For those new to working within a shared Google Colab document, it's important to understand how colab edits and saves. Colab provides real-time collaboration, but when two people edit the same cell at the same time, there could be a conflict. To manage this, Colab will show a message prompting you to choose between changes. Click the message and review both changes to make sure you are not overriding an important change. Be sure to make sure your change is saved by doing this.

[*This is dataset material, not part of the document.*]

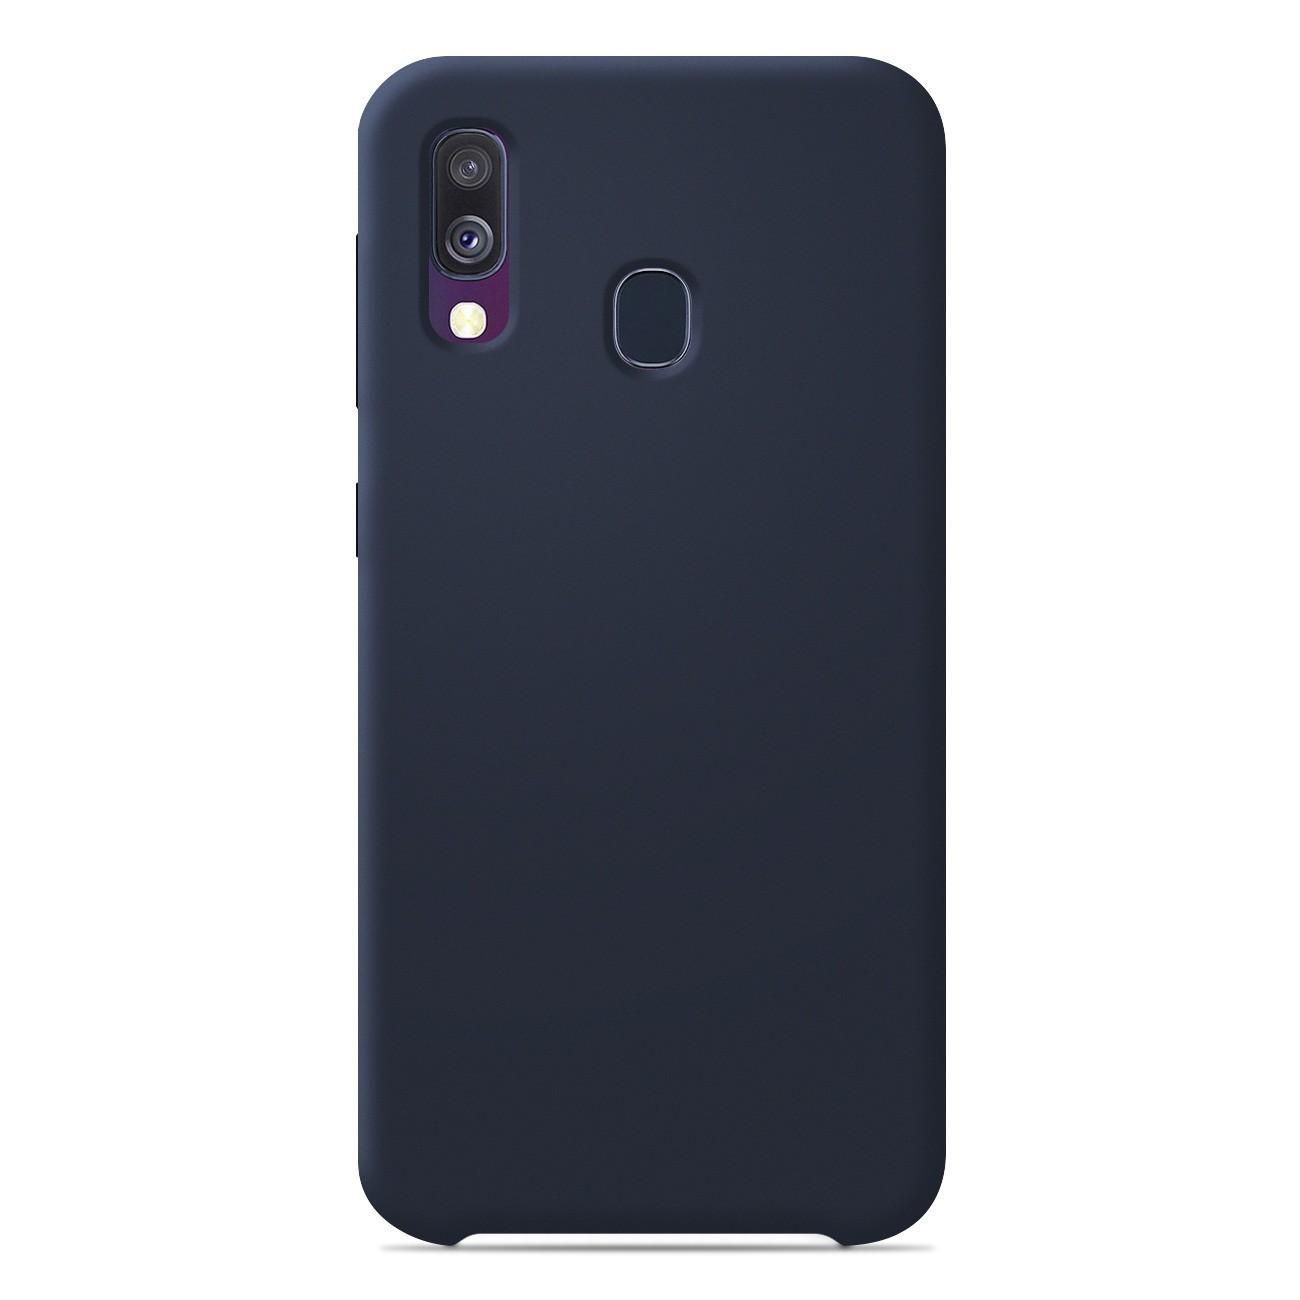 Coque Samsung Galaxy A40 Silicone Soft Touch - Bleu nuit

Always keep an eye on the top of the document for the 'All changes saved in Drive' message to appear after you've made edits. This message confirms that your work has been successfully saved to Google Drive. If you're about to leave the Colab file or take a break, manually trigger a save and wait for this confirmation message to ensure that none of your work is lost.  

In [None]:
import pandas as pd
import numpy as np
import nltk
import evaluate
from datasets import Dataset
from transformers import AutoTokenizer
from transformers import DataCollatorWithPadding
from transformers import AutoModelForSequenceClassification, TrainingArguments, Trainer

In [None]:
!pip install transformers datasets evaluate accelerate



# CSV Instructions

Please use the csv created in Pt1 of the data pipeline with a the New York Times articles manually added. After adding the relevant information for the New York Times articles delete their titles and urls columns from the spreadsheet. Please ensure to change the spreadsheet name in the line of code below to the one you are using!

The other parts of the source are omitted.